A Seleção da República Democrática do Congo decidiu cancelar a concentração que faria em Kinshasa antes da disputa da Copa do Mundo. A medida foi tomada em meio ao avanço do surto de Ebola que atinge países da região central da África.
Segundo a federação local, a delegação faria três dias de preparação no país antes de seguir para amistosos na Europa, mas o plano acabou suspenso por questões de segurança sanitária.
Além dos treinamentos, também foi cancelado um evento de despedida que reuniria jogadores e torcedores antes da viagem para o Mundial.
Jogadores já deixaram o país
Em nota divulgada pelo jornal britânico The Guardian, a federação informou que todos os atletas da seleção já estão fora da República Democrática do Congo. A maior parte dos jogadores atua em clubes da França.
O técnico francês Sébastien Desabre também permanece baseado na Europa. Segundo a entidade, integrantes do estafe técnico que ainda estavam no país deixariam o território nas horas seguintes ao anúncio.
Apesar da mudança na preparação, os amistosos programados para junho seguem mantidos.
A seleção enfrentará a Seleção da Dinamarca no dia 3 de junho, em território belga.
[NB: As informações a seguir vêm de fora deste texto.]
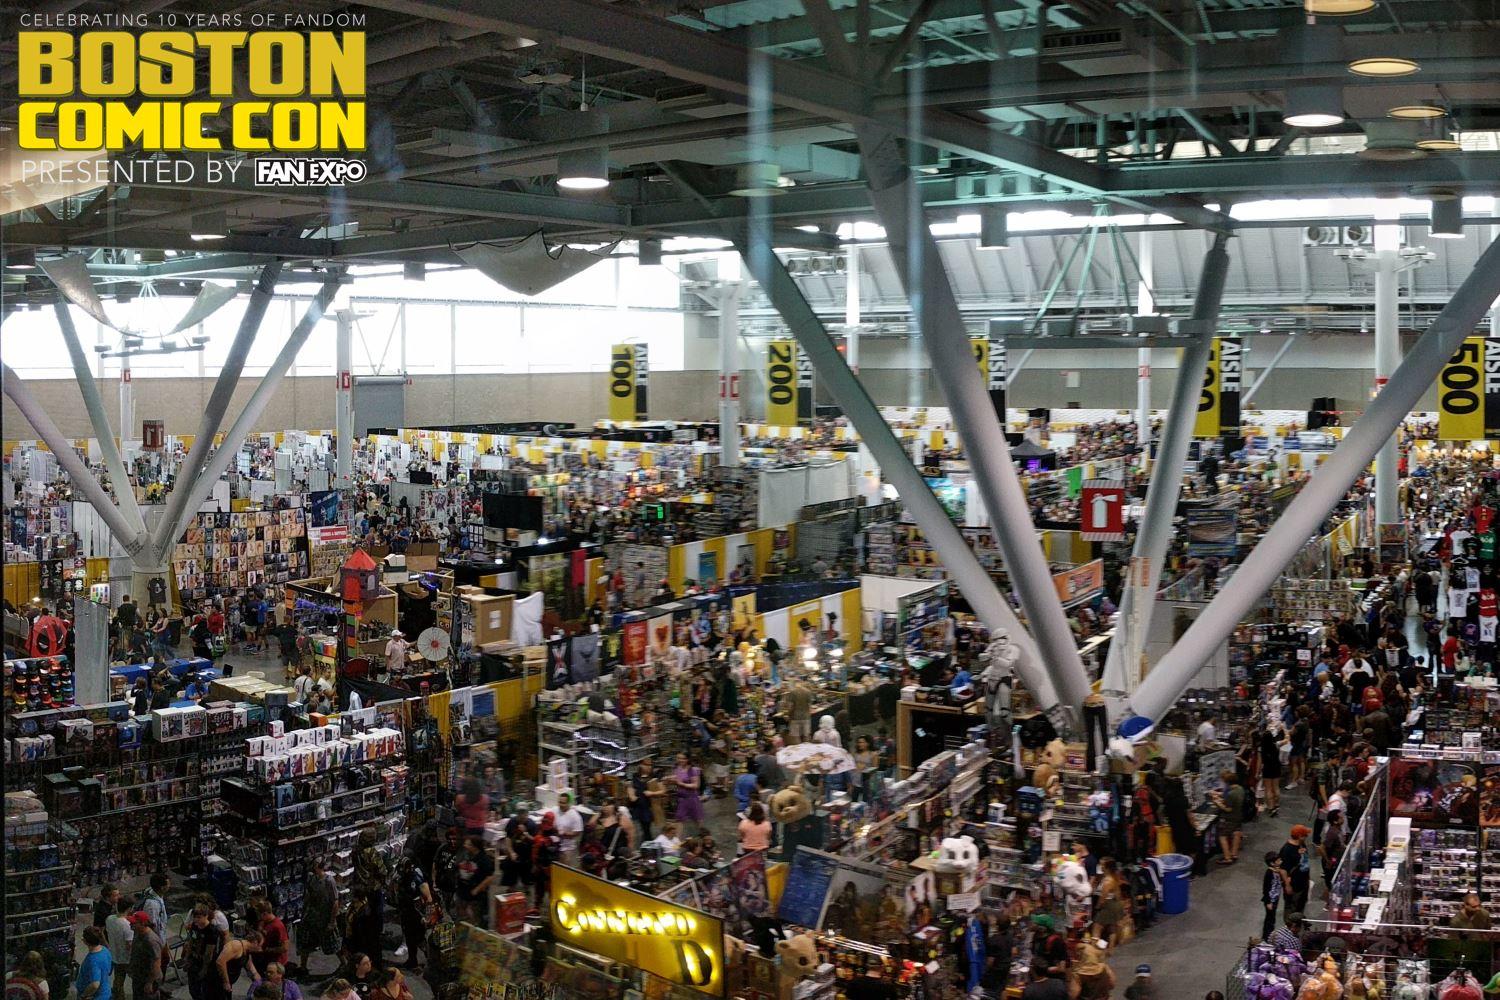 Scenes from Boston Comic Con 2017 (Fan Expo Boston) RetroZap!

Depois, encara a Seleção do Chile no dia 9 de junho, na Espanha.
Fifa monitora situação
A FIFA afirmou que acompanha de perto o avanço do surto de Ebola e mantém contato permanente com a federação congolesa.
Segundo a entidade, a comunicação também ocorre com autoridades sanitárias dos Estados Unidos, Canadá e México, países que sediarão a Copa do Mundo.
A República Democrática do Congo está no Grupo K do torneio ao lado de Seleção de Portugal, Seleção da Colômbia e Seleção do Uzbequistão.
A estreia da equipe está marcada para o dia 17 de junho, em Houston, contra Portugal.
Surto preocupa autoridades
De acordo com a Organização Mundial da Saúde, já foram registradas 139 mortes confirmadas por Ebola em países da África Central, além de quase 600 casos suspeitos.
A República Democrática do Congo é atualmente o principal foco do surto, mas Uganda e Sudão do Sul também já registraram ocorrências da doença.
Os Estados Unidos anunciaram restrições para viajantes vindos da região afetada, mas informaram que abrirão exceção para a delegação congolesa durante a Copa do Mundo.